If you wanted to check the validity of your results produced using Julia, you might consider checking a subset of some of them in Python.
Allow me to say something about Python’s JIT. These are my own opinions. I should just say, I have no opinion as to whether one language is “better” than another. I use both, and I like both.
First let us ask what is wrong with Python? Or perhaps better, is there something wrong with Python?
Put it this way, they are not introducing the JIT for fun. The intention is to improve performance.
A little aside: It’s early days for the JIT and at the moment it is very much an experimental thing. 5% performance improvement obviously isn’t worth having, but the intention of their team is to get much better performance improvement over time.
That said, what the JIT team want to achieve is obviously difficult. I am personally somewhat skeptical about whether they will be able to do it, or at least how long it will take them to reach similar performance to Julia. They may never get there, because of how long these things take and the requirement for people to work on it (for free). They probably don’t have the people, or the time.
But to say the performance of Python is not good somewhat misses the point. There are some tasks it can do quickly. Here’s some examples:
- Matrix algebra
- Solve ODEs
- Solve PDEs
- Calculate summary statistics of
numpy
arrays of DataFrame
s
What all of these things have in common (which you may have already known) is that Python goes away and calls some C level routine to calculate the results. That’s why these things are typically quite fast. (Sometimes maybe the code was originally written in Fortran, but the point is the same.)
You only really see a performance penalty in Python if calculations continually swap between the Python and C layer. It isn’t always that obvious when this is happening, because the Python type system is quite complex.
If you call some Python function, and that function depends on another function which is written in Python, then it does become a bit more obvious. One example would be Scipy.optimize
where your function to be optimized is written in Python.
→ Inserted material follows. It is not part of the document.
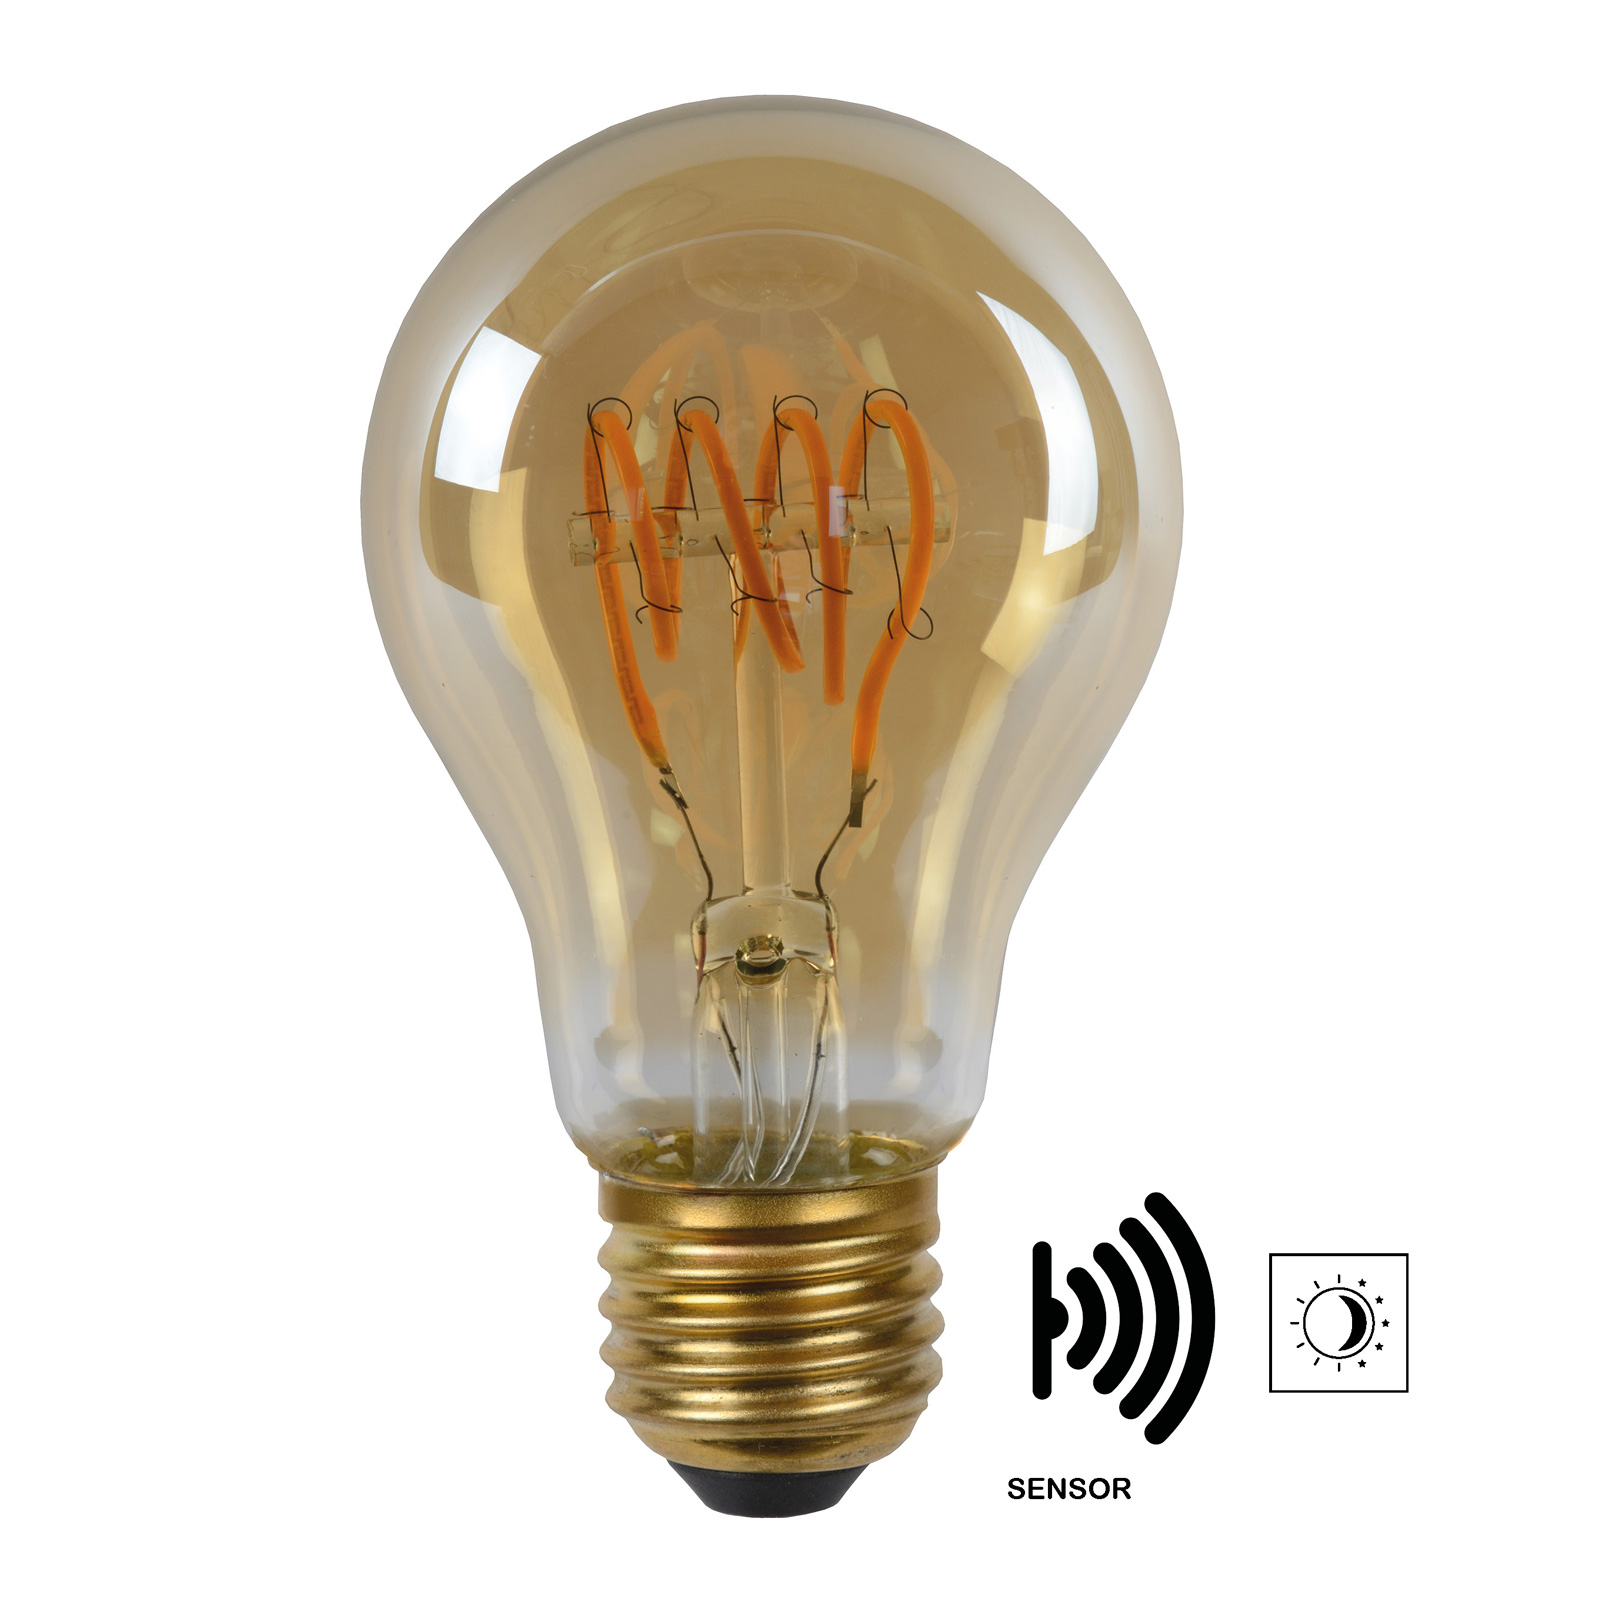 Plak opnieuw stok Het is goedkoop LED lamp E27 A60 4W 2.200K amber dag/nachtsensor | Lampen24.be

It may or may not call some vectorized C code, such as operations on numpy
arrays.
Ok so now we have some idea about where the JIT might provide performance improvements.
Allow me to share some personal experience.
I have never had an issue with Python runtime performance when doing “standard” data science calculations. This is because these commonly used algorithms have been written into C level libraries. Calling <numpyarray>.mean()
is an obvious example.
Where I have run into problems is when trying to write some algorithm which does not have a Python package with a vectorized implementation. (Something written in C/Fortran which benefits from static typing to improve performance.)
If you need to write some very general purpose algorithm which can’t easily be written with an existing framework, then use Julia because you will benefit from the speed the JIT provides. It’s difficult to think of examples because they will always be inherently niche. One example I ran into recently was processing “buy” and “sell” signals with financial data. These signals might be quite complex functions with hysteresis for which there is no easy way to implement them and benefit from existing packages.
All of this is to say, use Julia if
- you need to write some algorithms which do not have standard implementations as Packages which call C code, and you do not have the time to learn two languages (Python + C/CPython)
- you need the absolute maximum performance (very rare use cases)
- you like the fact that it is a functional language or want to use the features it offers as a language which Python does not have
Also please do ask yourself do you need more performance. It’s easy to get wrapped up in these things I wish my simulation would complete faster etc, but do you actually need this?
- Could you scale horizontally (use more computers) to get higher throughput?
- It there a hard latency requirement (like responding to a client) which means your system fails to meet that requirement?
- How much compute time can you save by switching language. Unless it’s at least 50% I would suggest your time is better used elsewhere. You can always scale your simulations down and run the long ones overnight.